Notes. PQL=Penalized Quasi-Likelihood; ML-AQ= Maximum Likelihood with Adaptive Quadrature. Situations under which ML with adaptive quadrature or PQL perform similarly are denoted “PQL, MLAQ.” The selection of an estimator in these conditions should depend on the investigator's focus (fixed effects versus variance components) or other factors (such as computational speed or the desire to perform nested model comparisons). Situations under which PQL performs consistently better are denoted “PQL” and situations under which ML-AQ performs consistently better are denoted “ML-AQ.” Even in these conditions, however, the magnitude of performance differences is not always large. Consult Figures 2-7 and Tables 3-6 for more detailed information on estimator differences.

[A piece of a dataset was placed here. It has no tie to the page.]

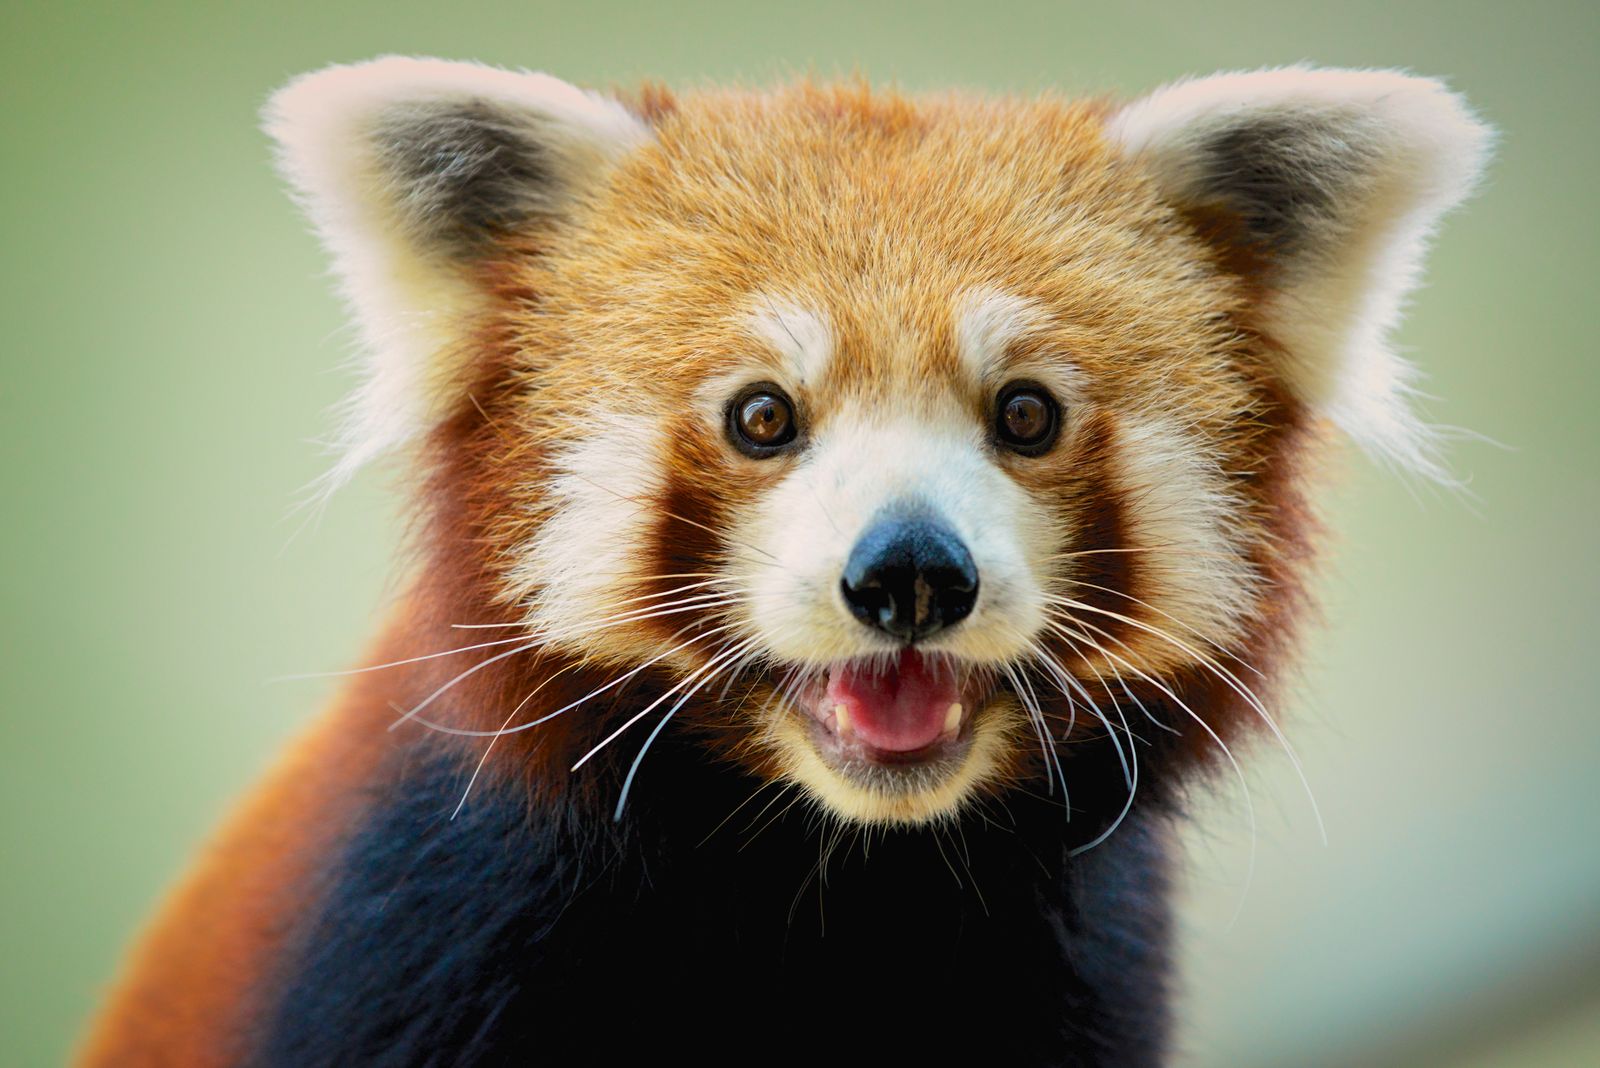 Engager Grine Brudgom Eight Amazing Red Panda Facts | Science| Smithsonian Magazine
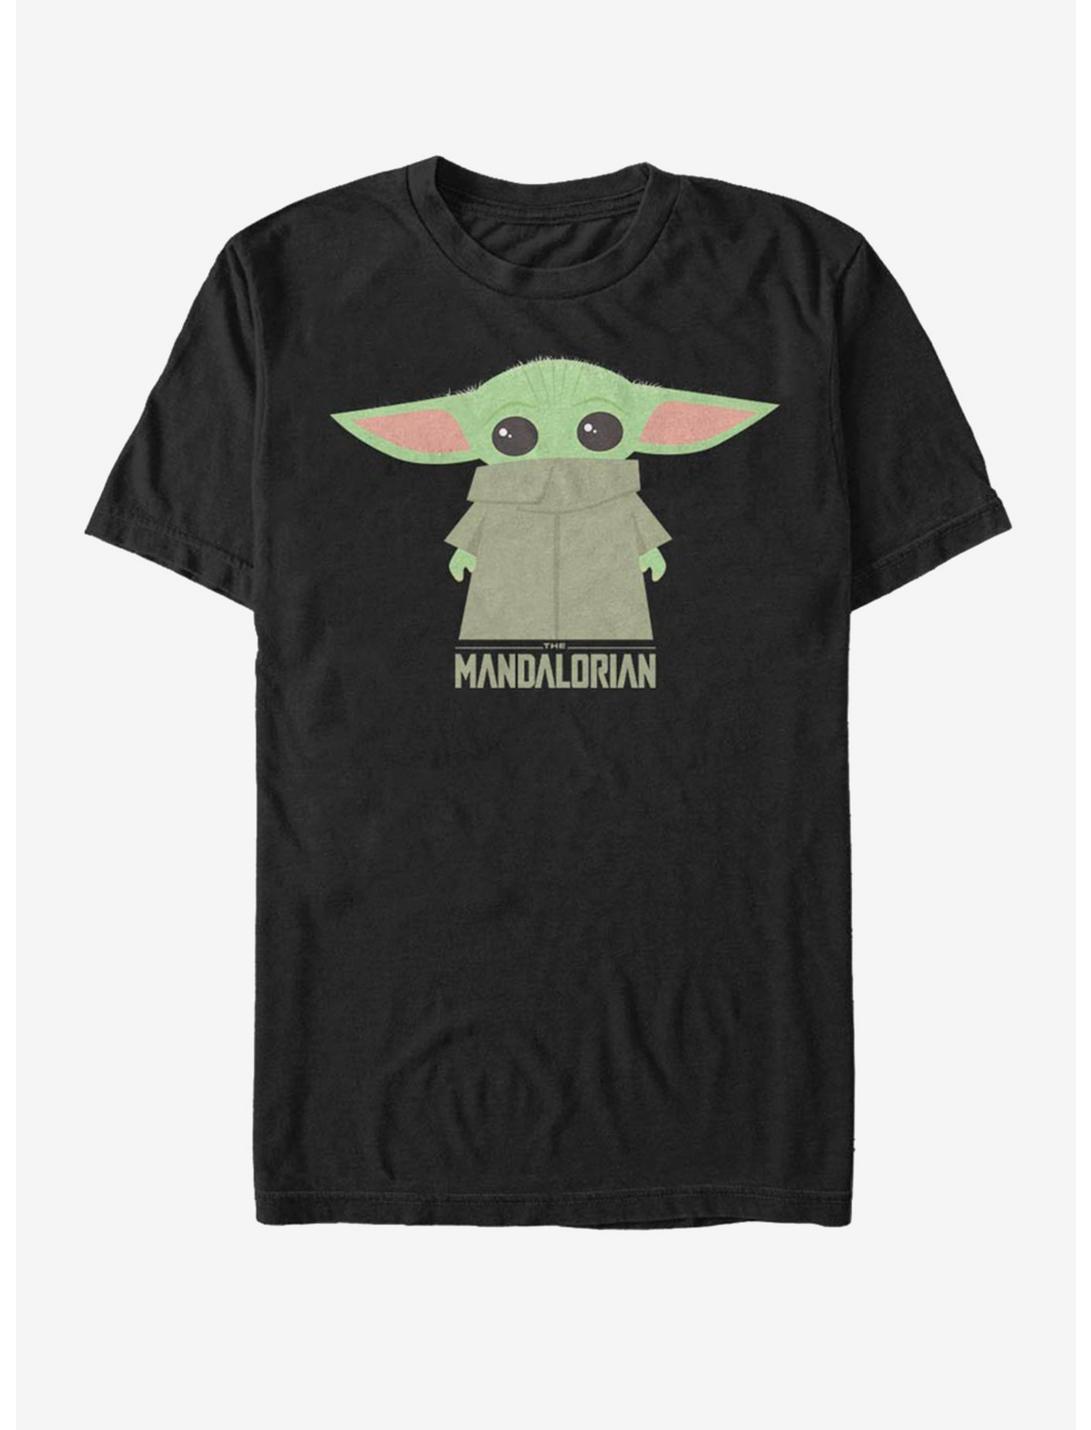 Star Wars The Mandalorian The Child Covered Face T-Shirt, BLACK, hi-res

To see how Table 7 might be used in practice, we will consider two common situations. First, many samples of hierarchical data consist of a relatively small number of groups but a fairly large number of individuals in each group. For instance, a study might sample thirty students from each of thirty schools. In this instance, the variance components are likely to be on the smaller side, and PQL can be expected to perform as well or better than ML regardless of the number of categories of the outcome. Second, many experience sampling studies include a modest number of participants, say 25-50, but many repeated measures per person. Experience suggests that variance components are often sizeable in such studies. If our outcome is binary, we might choose ML due to the higher bias of PQL (despite similar MSE). Alternatively, if our outcome is a 5-level ordinal variable then PQL becomes a more attractive option: the bias of PQL will then be within tolerable levels and PQL will have lower MSE than ML. One additional factor that might tip the balance in favor of PQL is that PQL easily incorporates serial correlation structures for the residuals at level 1, and serial correlation is often present with experience sampling data.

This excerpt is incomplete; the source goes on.